In a superconductor, the basic charge carriers are pairs of electrons (known as Cooper pairs), rather than the single electrons in a normal conductor. The total spin of a Cooper pair is an integer number, thus the Cooper pairs are bosons (while the single electrons in the normal conductor are fermions). Cooled bosons, contrary to cooled fermions, are allowed to occupy a single quantum energy level, in an effect known as the Bose-Einstein condensate. In a classical interpretation it would correspond to multiple particles occupying the same position in space and having an equal momentum, effectively behaving as a single particle.

At every point of a superconducting electronic circuit (that is a network of electrical elements), the condensate wave function describing the charge flow is well-defined by a specific complex probability amplitude. In a normal conductor electrical circuit, the same quantum description is true for individual charge carriers, however the various wave functions are averaged in the macroscopic analysis, making it impossible to observe quantum effects. The condensate wave function allows designing and measuring macroscopic quantum effects. For example, only a discrete number of magnetic flux quanta penetrates a superconducting loop, similarly to the discrete atomic energy levels in the Bohr model. In both cases, the quantization is a result of the complex amplitude continuity. Differing from the microscopic quantum systems (such as atoms or photons) used for implementations of quantum computers, the parameters of the superconducting circuits may be designed by setting the (classical) values of the electrical elements that compose them, e.g. adjusting the capacitance or inductance.

In order to obtain a quantum mechanical description of an electrical circuit a few steps are required. First, all the electrical elements are described with the condensate wave function amplitude and phase, rather than with the closely related macroscopic current and voltage description used for classical circuits. For example, a square of the wave function amplitude at some point in space is the probability of finding a charge carrier there, hence the square of the amplitude corresponds to the classical charge distribution.

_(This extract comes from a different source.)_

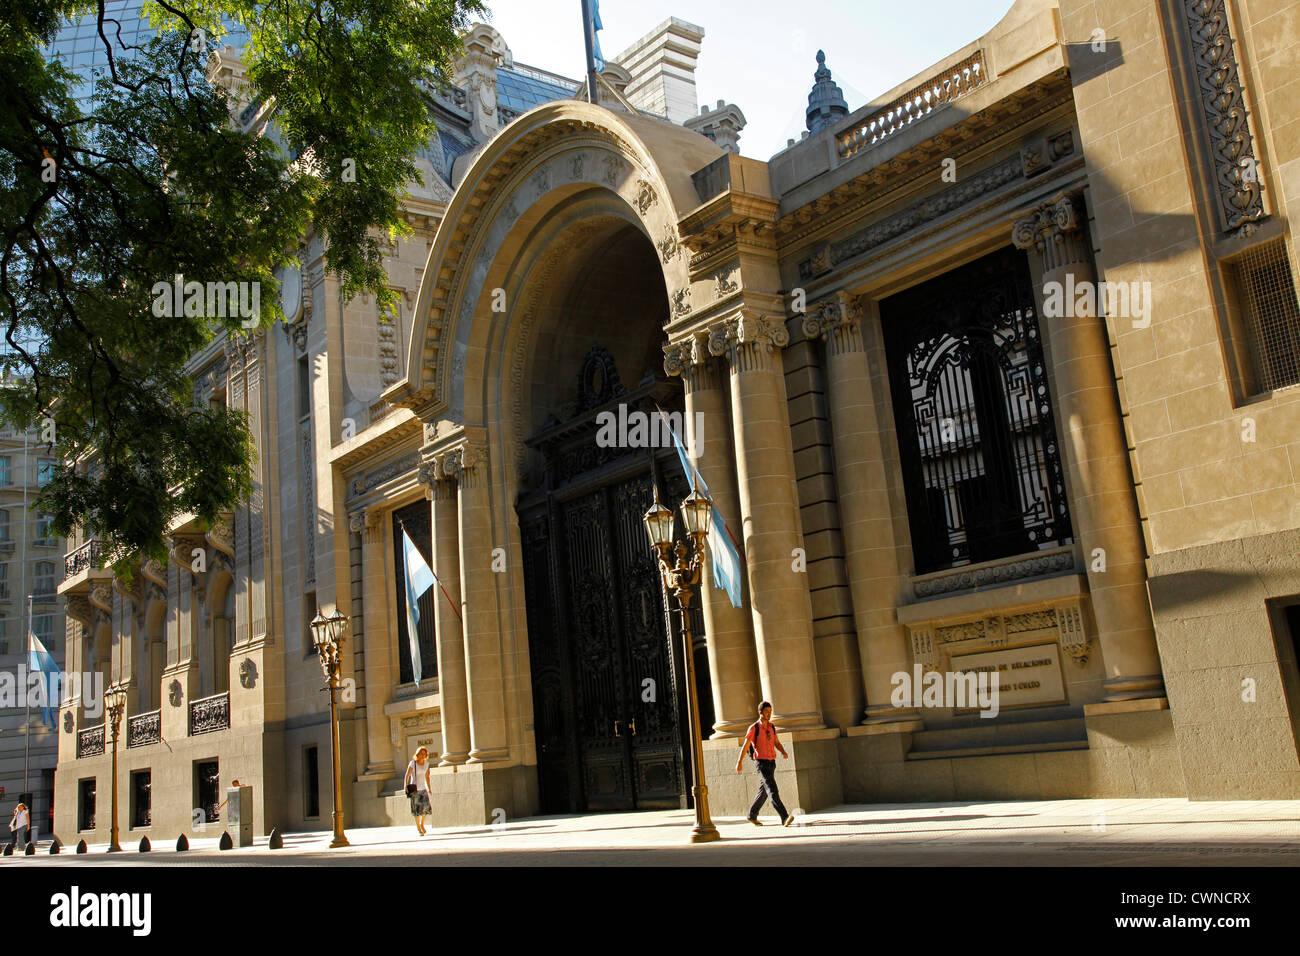 Palacio San Martin at Plaza San Martin, Retiro, Buenos Aires, Argentina. - Stock Image

Second, generalized Kirchhoff's circuit laws are applied at every node of the circuit network to obtain the equations of motion. Finally, the equations of motion are reformulated to Lagrangian mechanics and a quantum Hamiltonian is derived.

### Technology

The devices are typically designed in the radio-frequency spectrum, cooled down in dilution refrigerators below 100mK and addressed with conventional electronic instruments, e.g. frequency synthesizers and spectrum analyzers. Typical dimensions on the scale of micrometers, with sub-micrometer resolution, allow a convenient design of a quantum Hamiltonian with the well-established integrated circuit technology.

A distinguishing feature of superconducting quantum circuits is the usage of a Josephson junction - an electrical element non existent in normal conductors. A junction is a weak connection between two leads of a superconducting wire, usually implemented as a thin layer of insulator with a shadow evaporation technique. The condensate wave functions on the two sides of the junction are weakly correlated - they are allowed to have different superconducting phases, contrary to the case of a continuous superconducting wire, where the superconducting wave function must be continuous. The current through the junction occurs by quantum tunneling. This is used to create a non-linear inductance which is essential for qubit design, as it allows a design of anharmonic oscillators. A quantum harmonic oscillator cannot be used as a qubit, as there is no way to address only two of its states.

### Qubit archetypes

The three superconducting qubit archetypes are the phase, charge and flux qubits, though many hybridizations exist (Fluxonium,[8] Transmon,[9] Xmon,[10] Quantronium[11]). For any qubit implementation, the logical quantum states ${\displaystyle \{|0\rangle ,|1\rangle \}}$ are to be mapped to the different states of the physical system, typically to the discrete (quantized) energy levels or to their quantum superpositions. In the charge qubit, different energy levels correspond to an integer number of Cooper pairs on a superconducting island. In the flux qubit, the energy levels correspond to different integer numbers of magnetic flux quanta trapped in a superconducting ring. In the phase qubit, the energy levels correspond to different quantum charge oscillation amplitudes across a Josephson junction, where the charge and the phase are analogous to momentum and position correspondingly of a quantum harmonic oscillator. Note that the phase here is the complex argument of the superconducting wavefunction, also known as the superconducting order parameter, not the phase between the different states of the qubit.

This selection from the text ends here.